Modern Research on Antidiabetic Phytochemicals
Contemporary scientific investigation on phytochemicals that may treat diabetes has identified several substances that show potential, along with their specific ways of functioning in controlling the disease. These chemicals are present in different plants and display a wide range of biological actions that may assist in the control of glucose, sensitivity to insulin, and protection against oxidative stress.

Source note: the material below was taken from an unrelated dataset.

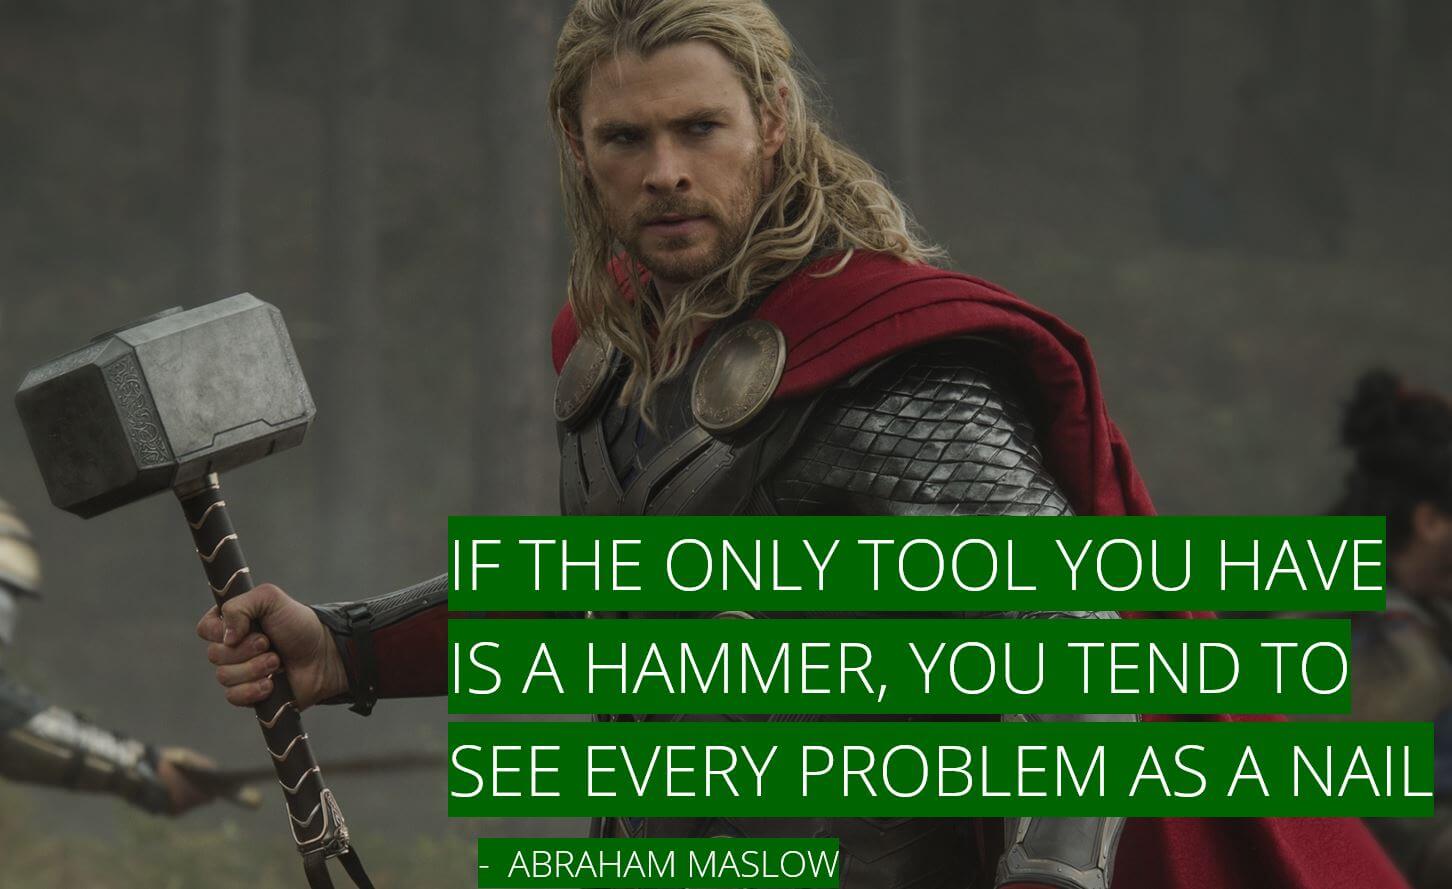 Law of the Instrument - if the only tool you have is a hammer, you tend to see every problem as a nail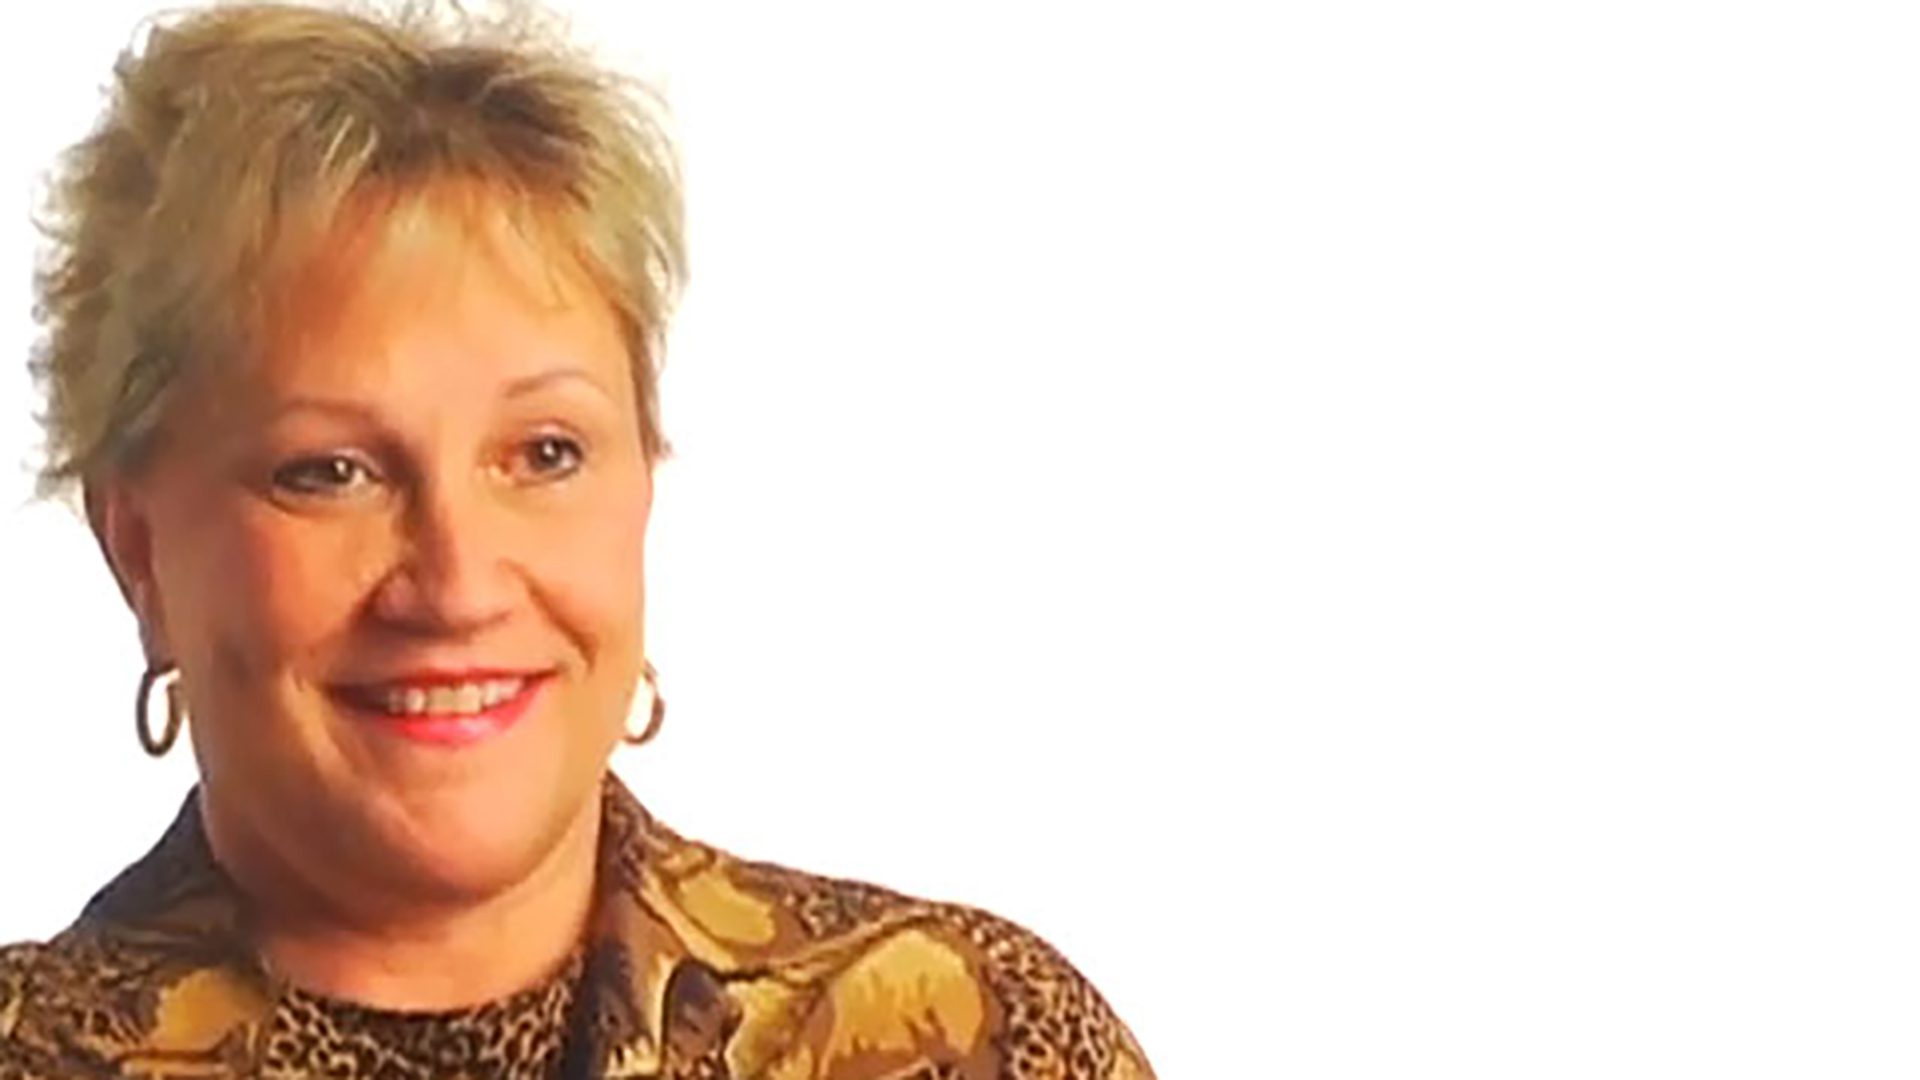 A middle-aged woman with short blonde hair wears an animal-print shirt and is interviewed against a white background.

Important Phytochemicals with Antidiabetic Properties
Mechanisms of Action of Antidiabetic Phytochemicals
Insulin Secretion and Sensitivity
Phytochemicals with antidiabetic properties, obtained from different plants, may stimulate the release of insulin via many routes (Table 1), and a schematic representation of selected phytochemicals involved in diabetes management is presented in Figure 1, while the emphasis on β-cells regeneration by phytochemicals is presented in Figure 2. These chemicals specifically target pancreatic β-cells, which are responsible for the production and secretion of insulin. Important methods comprise promoting the activity and growth of β-cells, regulating the detection of glucose and the expression of insulin genes, activating crucial pathways that contribute to insulin production, and improving the antioxidant and anti-inflammatory effects.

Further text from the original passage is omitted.